## Exercise input

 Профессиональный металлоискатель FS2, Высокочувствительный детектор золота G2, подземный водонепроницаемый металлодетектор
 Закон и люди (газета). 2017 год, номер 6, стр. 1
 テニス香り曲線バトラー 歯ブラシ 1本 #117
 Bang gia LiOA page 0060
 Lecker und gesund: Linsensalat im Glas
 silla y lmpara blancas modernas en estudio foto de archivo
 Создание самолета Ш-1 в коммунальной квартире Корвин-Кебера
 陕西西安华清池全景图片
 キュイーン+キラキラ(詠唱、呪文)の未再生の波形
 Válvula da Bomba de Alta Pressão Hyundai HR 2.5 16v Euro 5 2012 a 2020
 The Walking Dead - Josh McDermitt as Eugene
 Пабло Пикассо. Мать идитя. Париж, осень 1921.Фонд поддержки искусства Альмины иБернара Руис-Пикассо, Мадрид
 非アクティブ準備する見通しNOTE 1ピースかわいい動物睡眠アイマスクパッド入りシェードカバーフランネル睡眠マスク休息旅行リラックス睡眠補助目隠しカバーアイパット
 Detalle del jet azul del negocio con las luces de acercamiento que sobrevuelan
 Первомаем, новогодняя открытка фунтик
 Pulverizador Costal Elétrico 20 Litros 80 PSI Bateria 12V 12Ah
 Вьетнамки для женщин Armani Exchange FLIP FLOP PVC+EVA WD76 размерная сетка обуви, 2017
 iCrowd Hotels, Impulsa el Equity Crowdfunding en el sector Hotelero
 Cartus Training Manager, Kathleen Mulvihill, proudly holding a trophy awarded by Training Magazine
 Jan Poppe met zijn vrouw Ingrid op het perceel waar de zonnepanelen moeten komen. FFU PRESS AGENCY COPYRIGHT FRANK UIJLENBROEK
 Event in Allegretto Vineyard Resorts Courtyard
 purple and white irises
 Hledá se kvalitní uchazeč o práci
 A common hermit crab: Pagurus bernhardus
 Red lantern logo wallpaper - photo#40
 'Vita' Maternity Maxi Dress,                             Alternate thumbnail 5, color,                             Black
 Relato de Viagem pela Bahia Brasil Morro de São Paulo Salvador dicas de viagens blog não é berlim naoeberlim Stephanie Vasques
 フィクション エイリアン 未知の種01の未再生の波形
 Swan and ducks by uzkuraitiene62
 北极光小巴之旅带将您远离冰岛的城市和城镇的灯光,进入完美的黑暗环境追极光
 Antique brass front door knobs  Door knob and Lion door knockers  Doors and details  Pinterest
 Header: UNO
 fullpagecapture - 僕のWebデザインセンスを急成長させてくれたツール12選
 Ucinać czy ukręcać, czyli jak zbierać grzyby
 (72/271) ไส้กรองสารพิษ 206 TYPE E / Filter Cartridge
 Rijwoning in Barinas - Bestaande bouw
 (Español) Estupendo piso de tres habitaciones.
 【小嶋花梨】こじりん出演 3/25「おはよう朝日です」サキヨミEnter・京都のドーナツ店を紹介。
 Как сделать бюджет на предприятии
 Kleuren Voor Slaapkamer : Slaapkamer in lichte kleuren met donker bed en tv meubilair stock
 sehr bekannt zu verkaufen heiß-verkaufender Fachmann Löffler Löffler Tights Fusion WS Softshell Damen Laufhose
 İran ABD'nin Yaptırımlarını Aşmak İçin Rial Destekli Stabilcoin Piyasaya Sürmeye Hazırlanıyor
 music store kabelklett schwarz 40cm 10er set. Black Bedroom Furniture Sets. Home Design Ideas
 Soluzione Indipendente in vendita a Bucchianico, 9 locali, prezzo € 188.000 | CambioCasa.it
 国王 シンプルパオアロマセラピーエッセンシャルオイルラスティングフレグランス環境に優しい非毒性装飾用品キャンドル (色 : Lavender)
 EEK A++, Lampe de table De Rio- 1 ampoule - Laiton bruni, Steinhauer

## What is being asked
Wherever the line holding "Detalle del jet" falls in the entries above, copy exactly from it through the line holding "Pulverizador Costal Elétrico", inclusive, and add nothing.

## Task solution
 Detalle del jet azul del negocio con las luces de acercamiento que sobrevuelan
 Первомаем, новогодняя открытка фунтик
 Pulverizador Costal Elétrico 20 Litros 80 PSI Bateria 12V 12Ah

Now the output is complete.